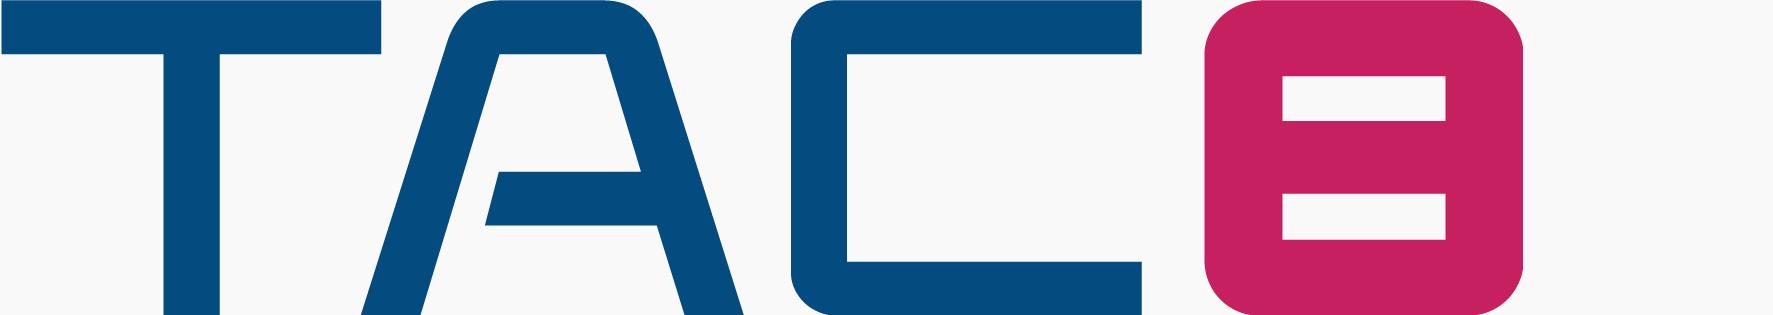 TAC8_logo
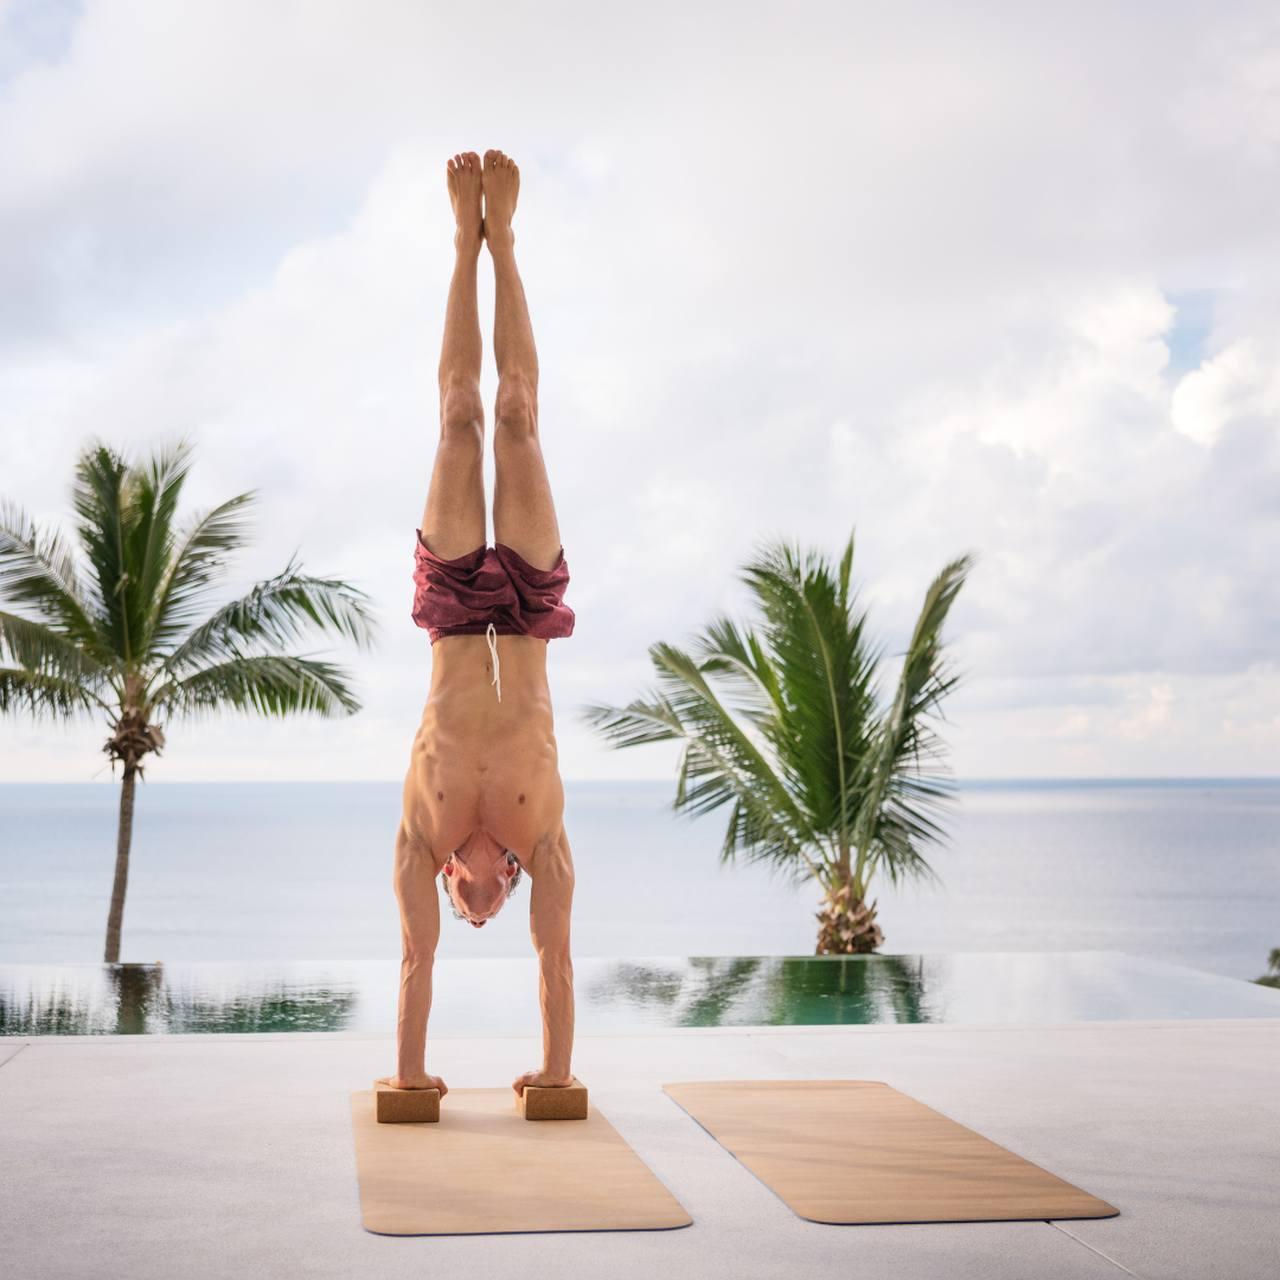 Bloco de Yoga e Pilates - Cortiça Natural - Sustentável e Ecológico
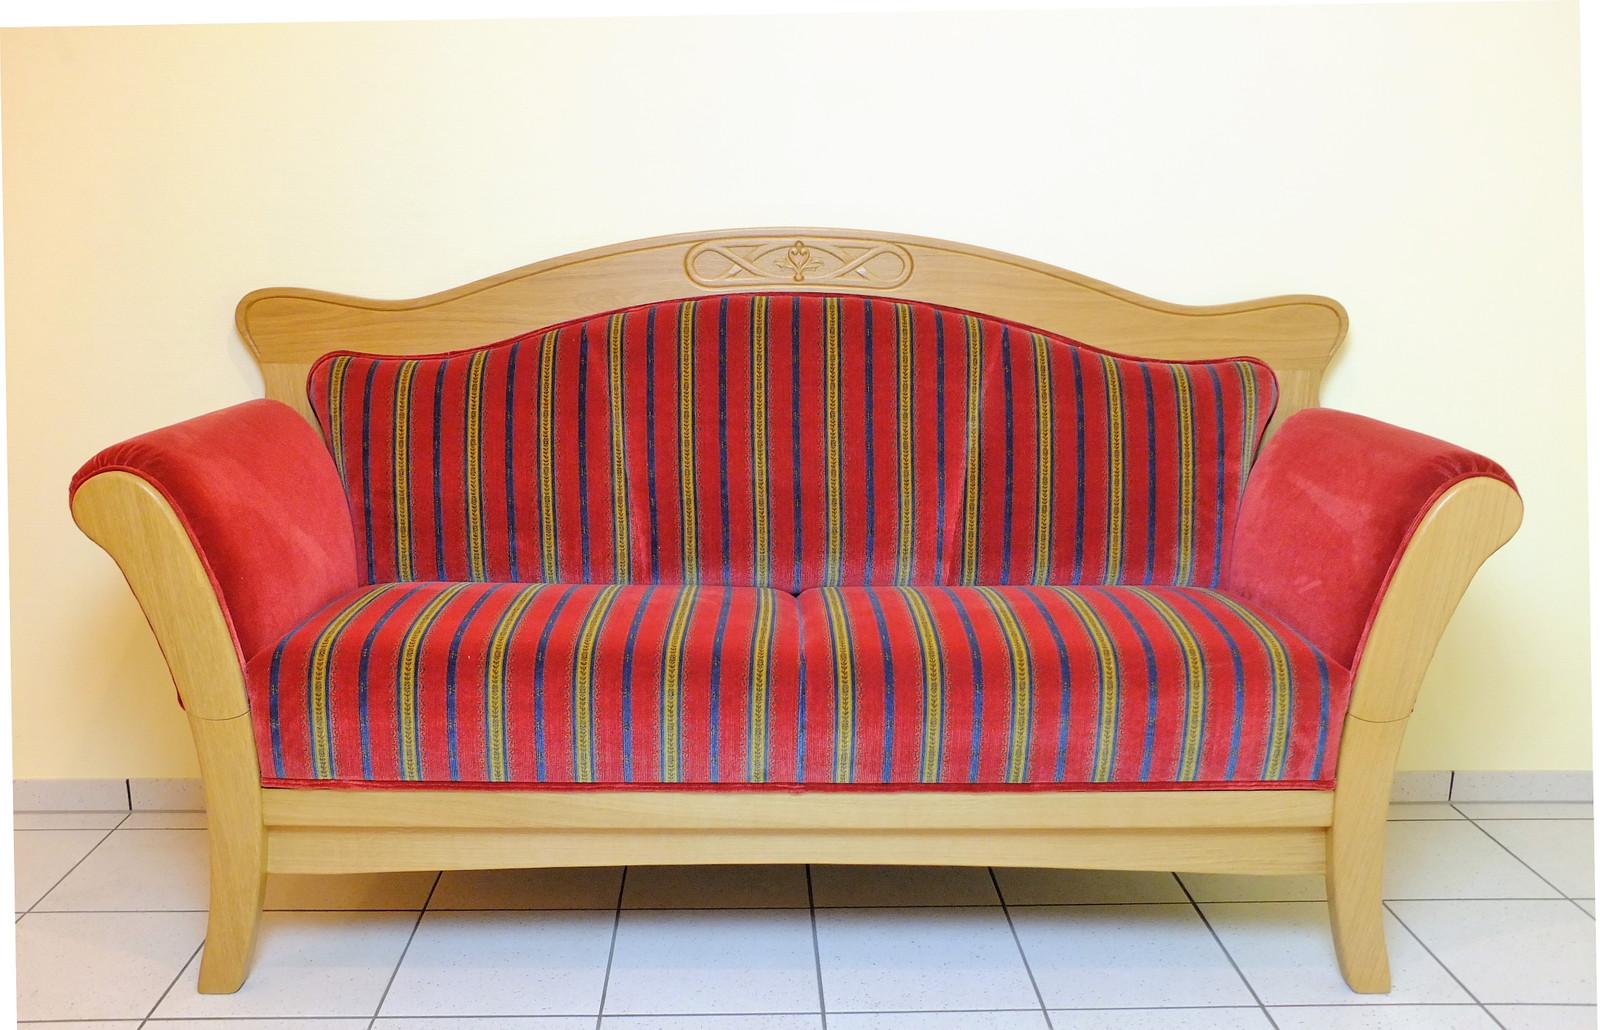 Tischsofa / Küchensofa / Esszimmersofa / Friesensofa Eiche massiv, gelaugt, rustikal oder auch hell und modern. Ein schönes Sofa für den Esstisch, Modell: Holdorf 190
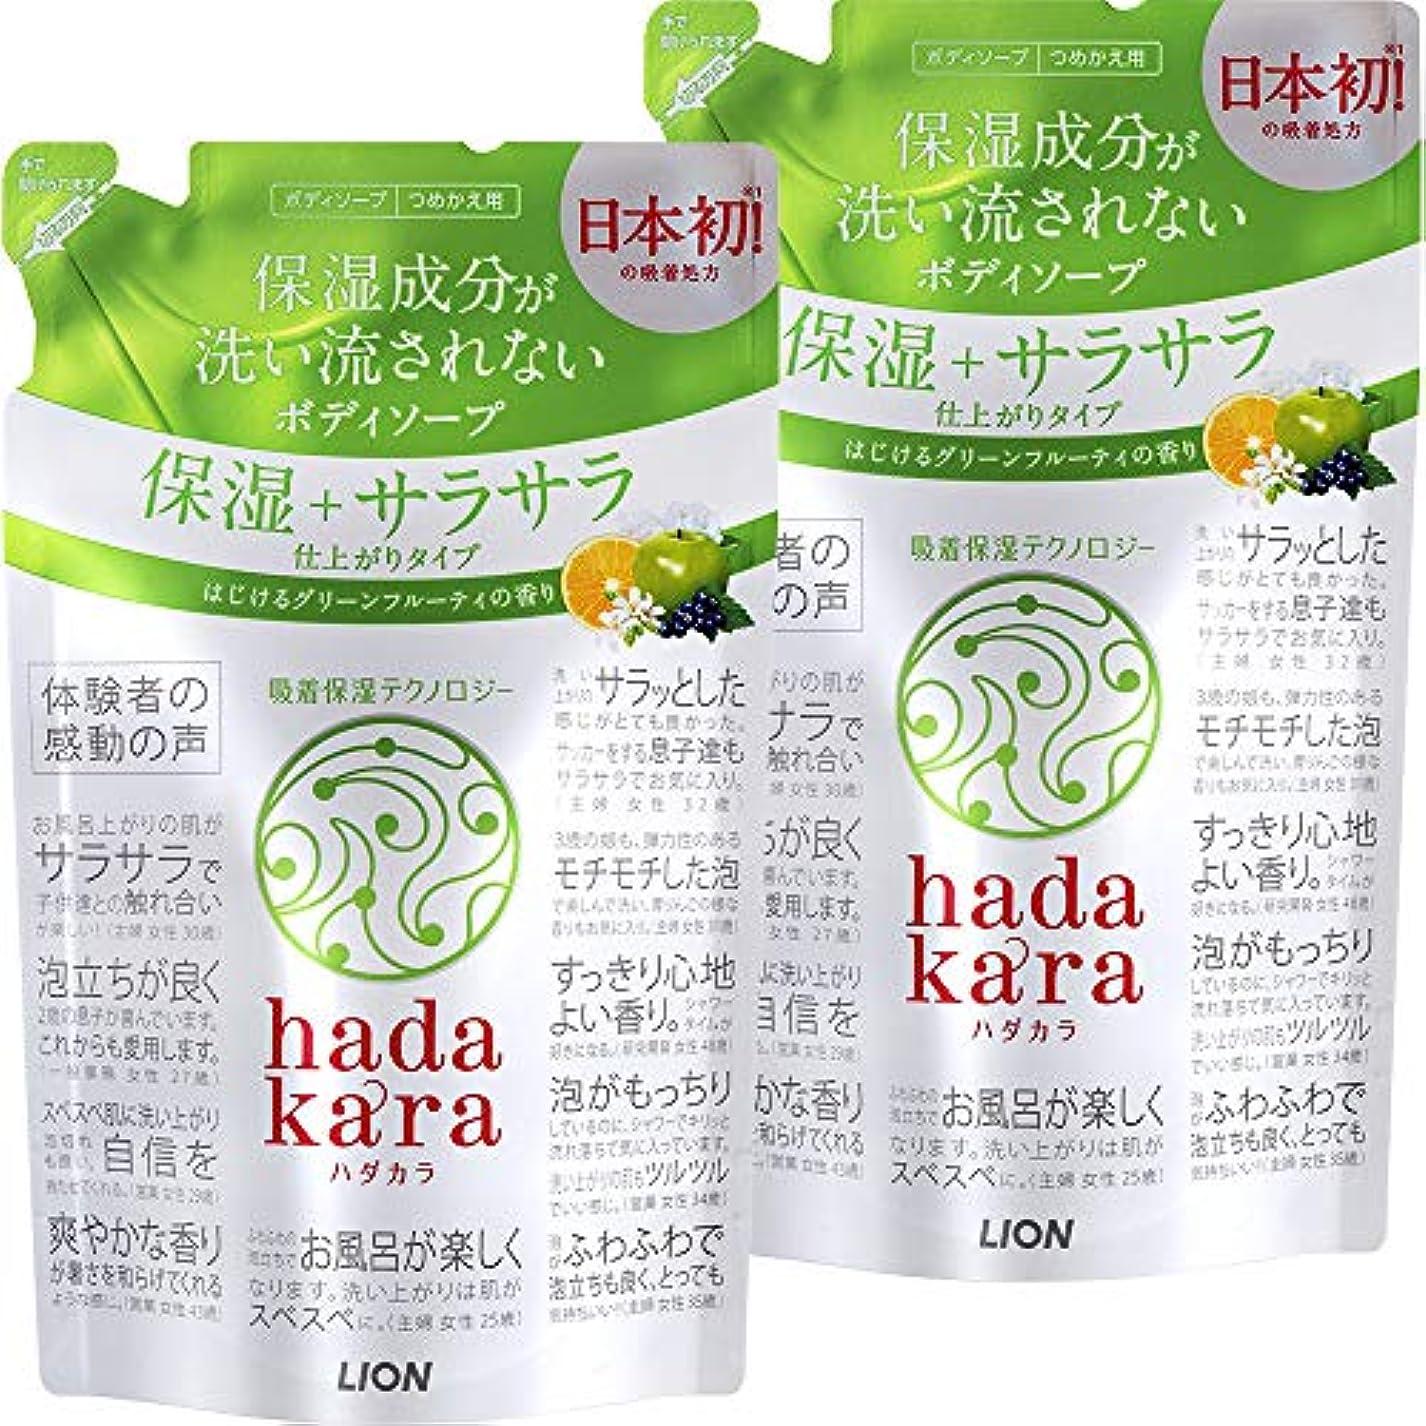 セント鈍い昨日【まとめ買い】hadakara(ハダカラ) ボディソープ 保湿+サラサラ仕上がりタイプ グリーンフルーティの香り 詰め替え 340ml×2個パック

★ ★ ★ ★ ★

Give every line of the listing above again, exactly, with no images.

> _YOUR SOLUTION_
 TAC8_logo
 Bloco de Yoga e Pilates - Cortiça Natural - Sustentável e Ecológico
 Tischsofa / Küchensofa / Esszimmersofa / Friesensofa Eiche massiv, gelaugt, rustikal oder auch hell und modern. Ein schönes Sofa für den Esstisch, Modell: Holdorf 190
 セント鈍い昨日【まとめ買い】hadakara(ハダカラ) ボディソープ 保湿+サラサラ仕上がりタイプ グリーンフルーティの香り 詰め替え 340ml×2個パック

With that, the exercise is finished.